— Stored data —
=======
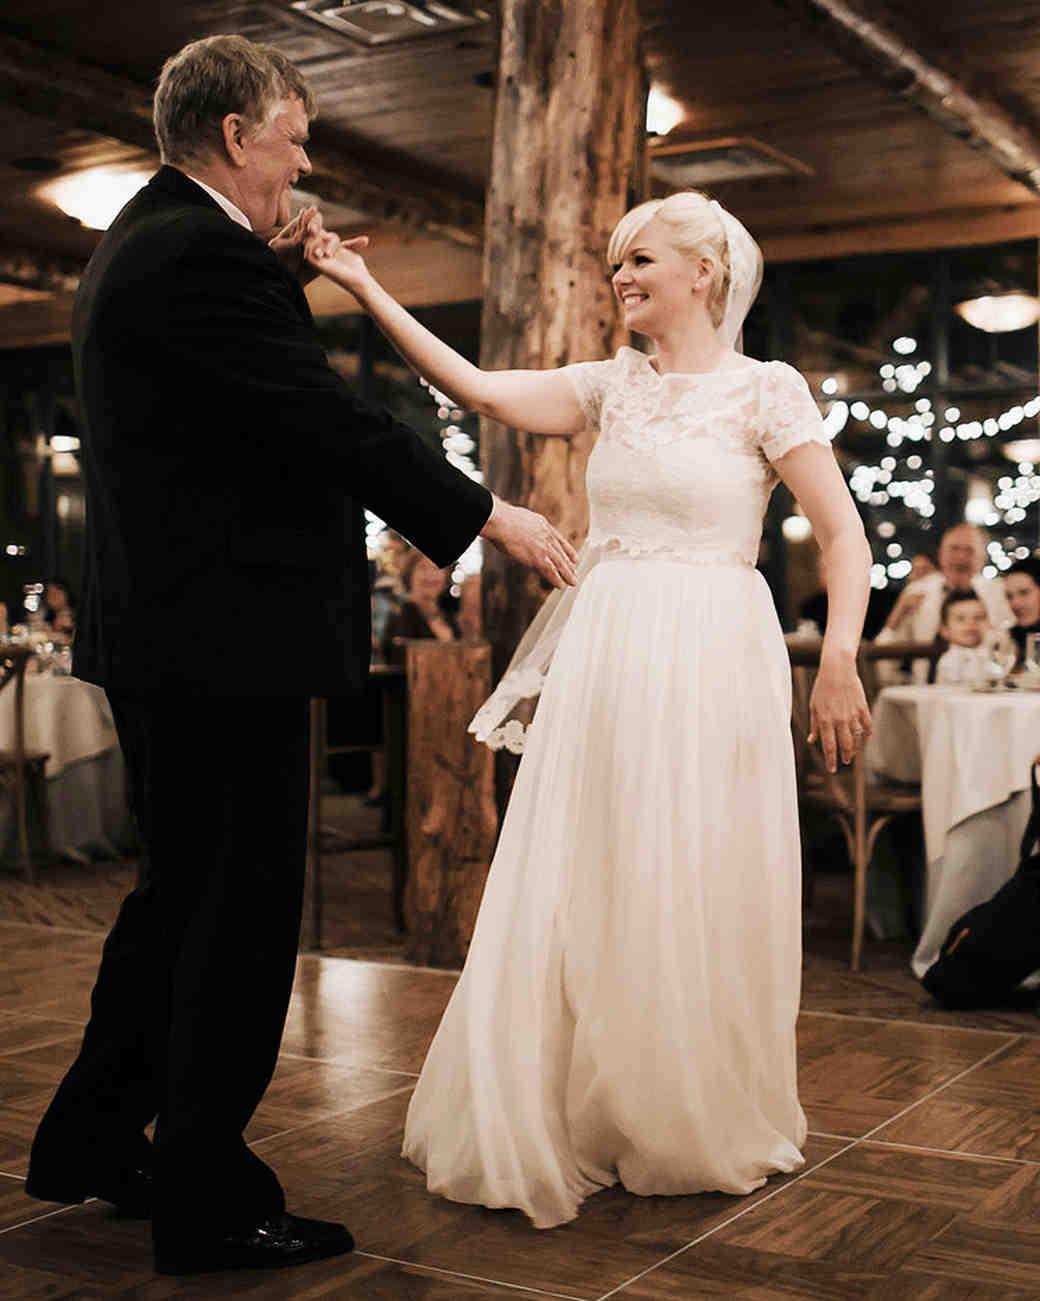 ryan-alan-wedding-dad-dance-1049-s112966-0516.jpg
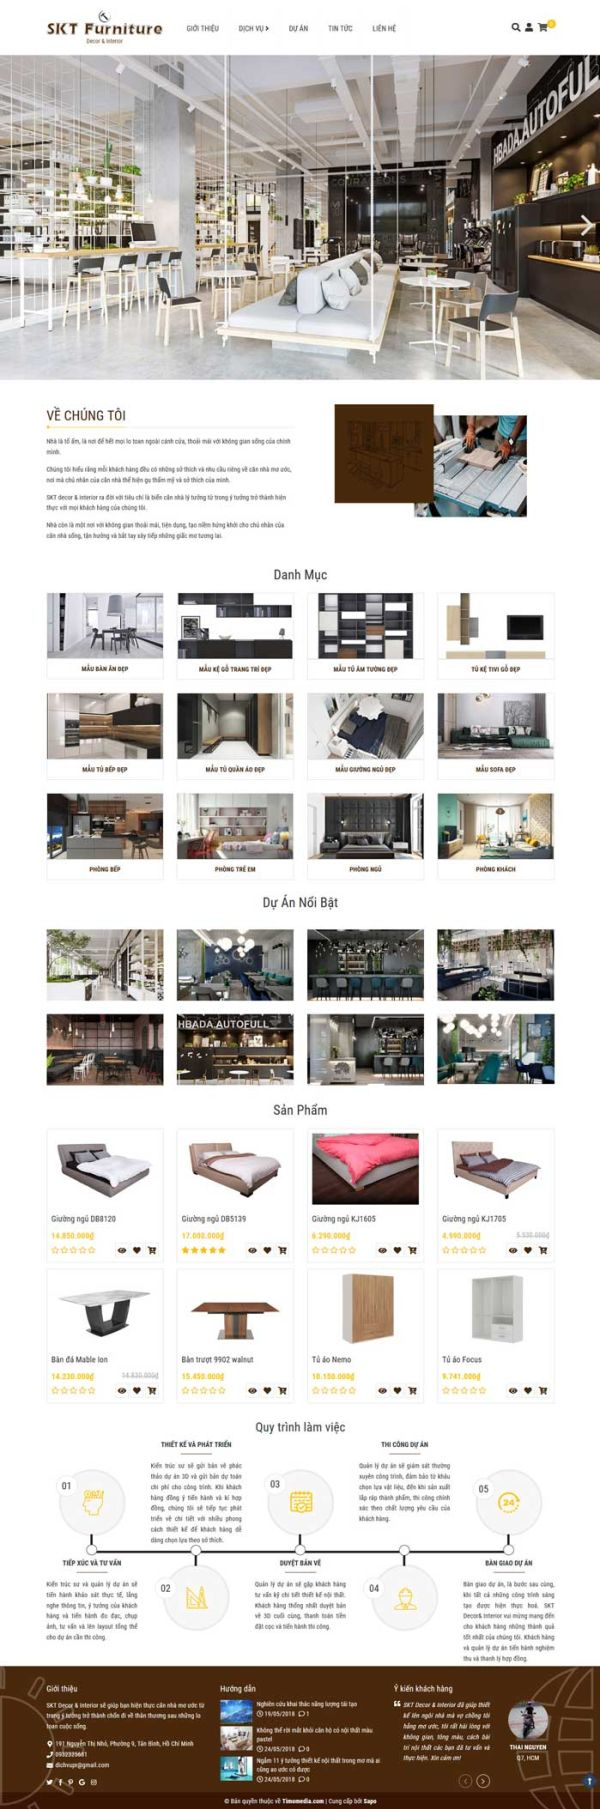 Giao diện mẫu web nội thất 2
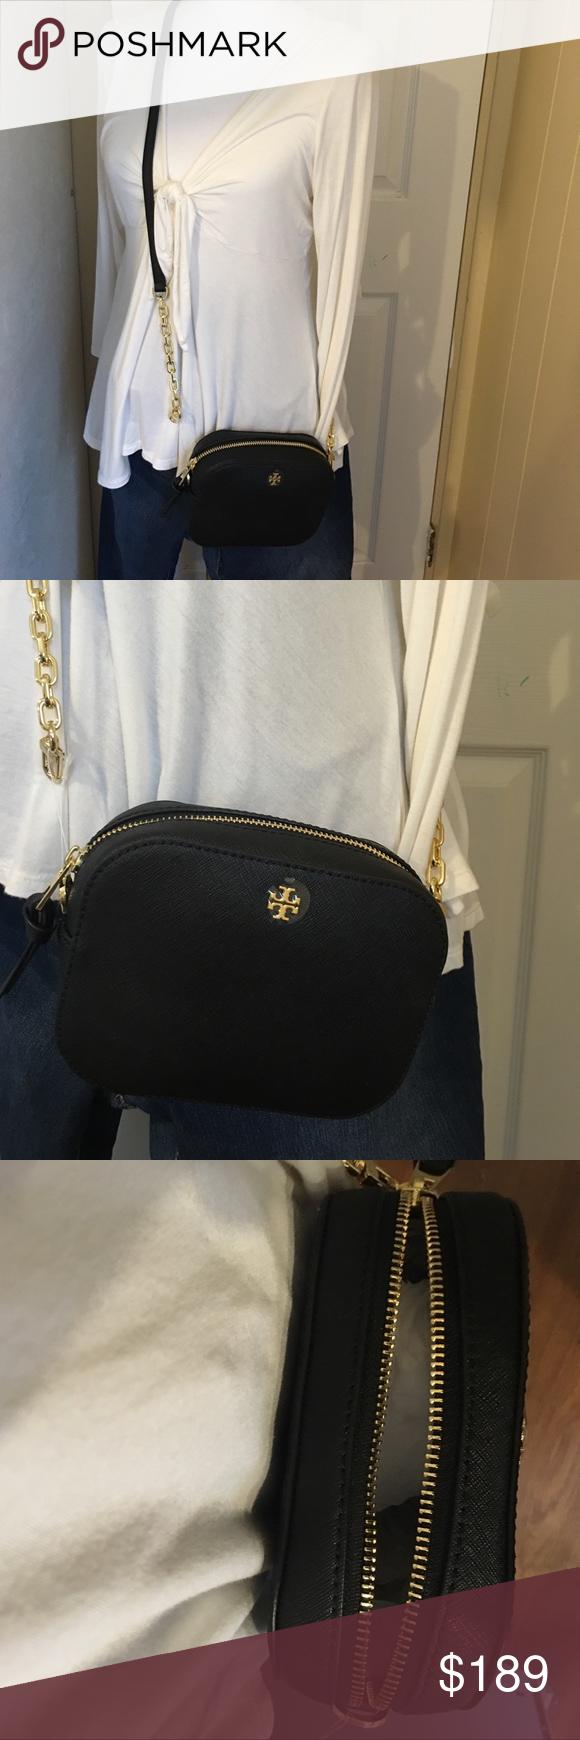 7174574b41b Tory Burch Robinson round crossbody bag Brand new crossbody bag. Black  color. Saffiano leather. Tory Burch Bags Crossbody Bags
=======
— Action item —
Give every line of the data above again as it stands; the pictures stay out.

— Reply —
 ryan-alan-wedding-dad-dance-1049-s112966-0516.jpg
 Giao diện mẫu web nội thất 2
 7174574b41b Tory Burch Robinson round crossbody bag Brand new crossbody bag. Black  color. Saffiano leather. Tory Burch Bags Crossbody Bags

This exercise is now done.